# Free Products - Collection Only



## Spoony (May 28, 2007)

I've just got my Espuma order in amongst others and I'm seriously out of room. These are some things I don't use or have duplicates of. Not great but not the worst for free.

-Some Nielsen Gold Plus in dispenser bottle, not much maybe enough for a car.
-Demon Shine 5L with spray bottle with some cut 1:1
-Turtle Wax Extreme Wash and Wax loads left
-Spray bottle with 200ml of neat AS G101
-Spray Bottle with Diluted 3D Bug Remover (8:1)
-AG Alloy Wheel Seal
-Astonish Anti Fog Glass Cleaner
-3M Finesse it II finishing material almost full










I just require some space back - my garage isnt the tardis! Dunno what else to do with it!


----------



## -damon- (Aug 19, 2010)

be good for someone to start of with plus there free:thumb:


----------



## Spoony (May 28, 2007)

I was thinking that also.


----------



## chisai (Jan 1, 2009)

Is it all to go in a oney or split?
I'd be interested in collecting, great offer.


----------



## Razzzle (Jul 3, 2010)

Fantastic gesture spoony :thumb:

Daz.


----------



## kirky2k4 (Oct 17, 2010)

i would hapily take them off ur hands buddy :thumb:


----------



## Razzzle (Jul 3, 2010)

Long drive from Barnsley to Glasgow 

Daz. :thumb:


----------



## kirky2k4 (Oct 17, 2010)

Razzzle said:


> Long drive from Barnsley to Glasgow
> 
> Daz. :thumb:


could pay postage lol


----------



## adamvr619 (Jun 12, 2010)

I would be more than happy to take that little lot off you i can pay for the postage as im near manchester.
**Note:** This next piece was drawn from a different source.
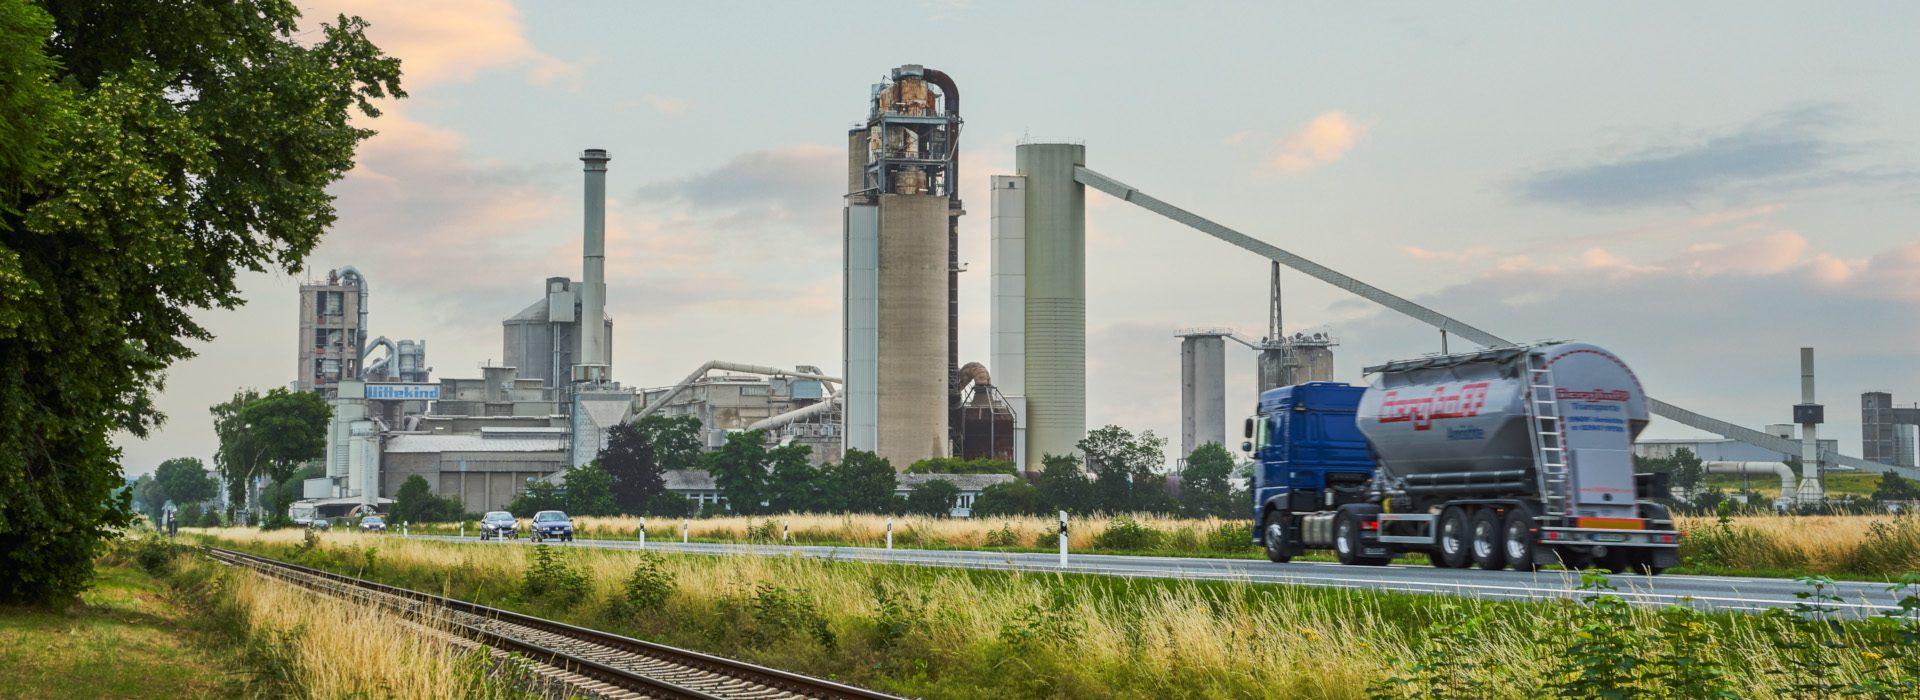 Industriefotografie - Industrial - Corporate

Just let me know thanks. Adam.


----------



## Spoony (May 28, 2007)

Sorry was out for dinner. I'd prefer it to toning one by collection. However can box up and post if no one near wants it.
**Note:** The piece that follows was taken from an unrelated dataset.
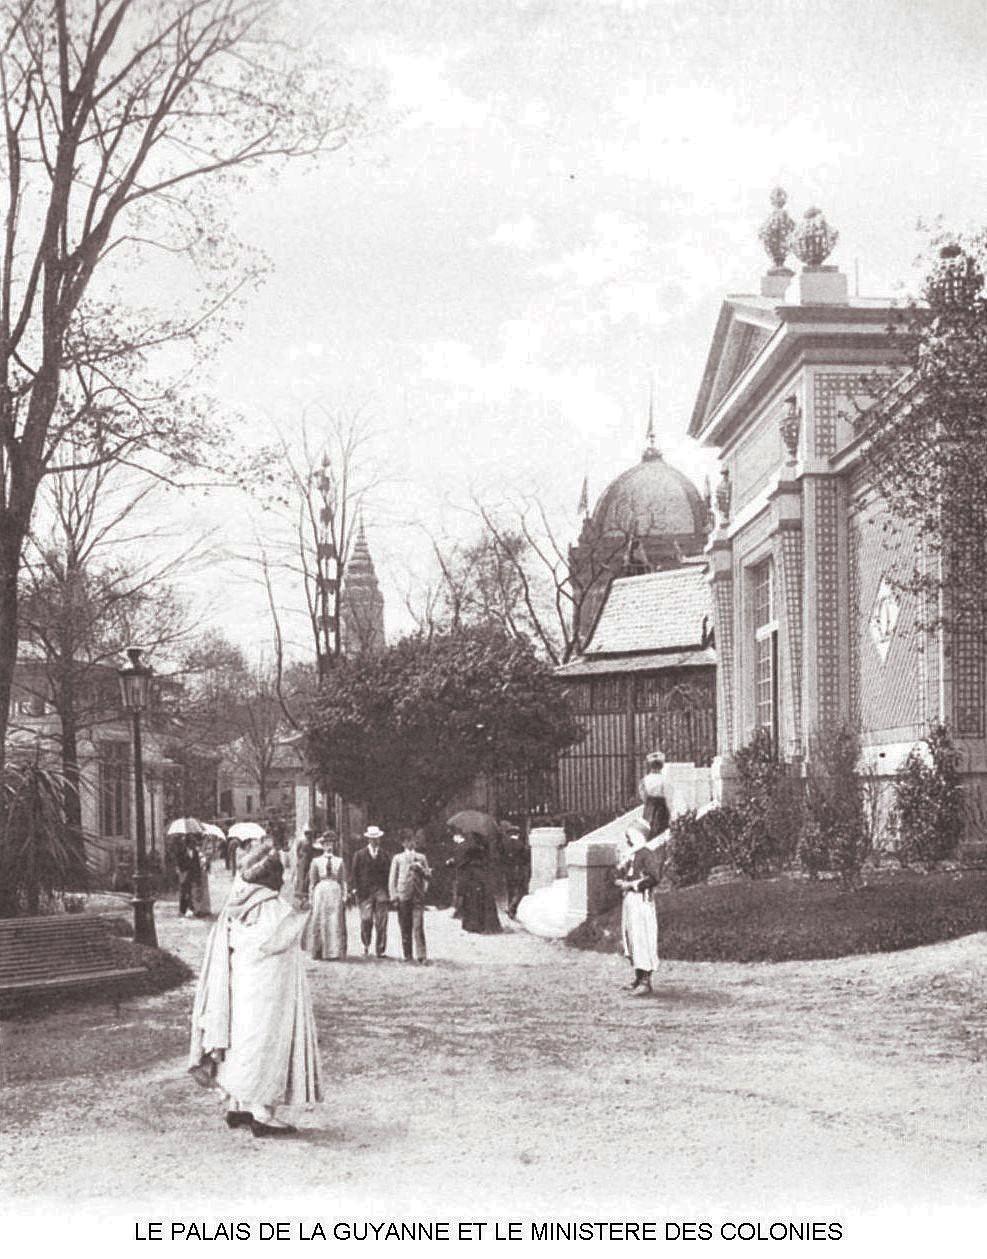 Ressources histoire exposition universelle 1900 le palais de la guyanne et le ministere des colonies

Chisai did you want the lot or what?


----------



## chisai (Jan 1, 2009)

The lot if that's alright with you Stuart.


----------



## Spoony (May 28, 2007)

Don't see why not, I'd rather get it collected than post due to weight. Also I think you were first to register interest so hope that's ok with everyone. Pm me chisai, we will make arrangements to meet.

Stuart


----------



## adamvr619 (Jun 12, 2010)

If chisai decides not too have it im still up for paying for the postage. Please let me know if chisai decides not too have it. Thanks again, Adam.


----------



## Dougster (Jun 12, 2007)

I might be doing the same soon.

Keep yer eyes peeled folks!!

Did you ever try the Gold Plus Spoonster?


----------



## -damon- (Aug 19, 2010)

i thought there would of been alot more intrest its FREE


----------



## Spoony (May 28, 2007)

Dougster said:


> I might be doing the same soon.
> 
> Keep yer eyes peeled folks!!
> 
> Did you ever try the Gold Plus Spoonster?


I did. Whilst I rate it highly I feel a little doesn't go a long way and it doesn't spread well form me. End results were great though.

How you getting on?


----------



## Black Magic Detail (Aug 17, 2010)

thats avery nice thing to do spoony ,good on ya!!!!!


----------



## Spoony (May 28, 2007)

I kept passing over it all in the garage and felt someone could use it. No point sitting there redundant!


----------



## kirky2k4 (Oct 17, 2010)

Spoony said:


> I kept passing over it all in the garage and felt someone could use it. No point sitting there redundant!


its threads like this that shows how good some people are,,,

im sure some one will be very greatfull for them mate


----------



## RD55 DUN (Dec 30, 2008)

Id take any refusal on the 3M stuff, reckon it would be safe for soft paint type?

Where in Glasgow are you?


----------



## Spoony (May 28, 2007)

Sorry guys all gone! Chris picked up up at my work today. I'm based in Dumbarton actually, other side of water


----------



## chisai (Jan 1, 2009)

Thanks Stuart, really appreciate your generosity.


----------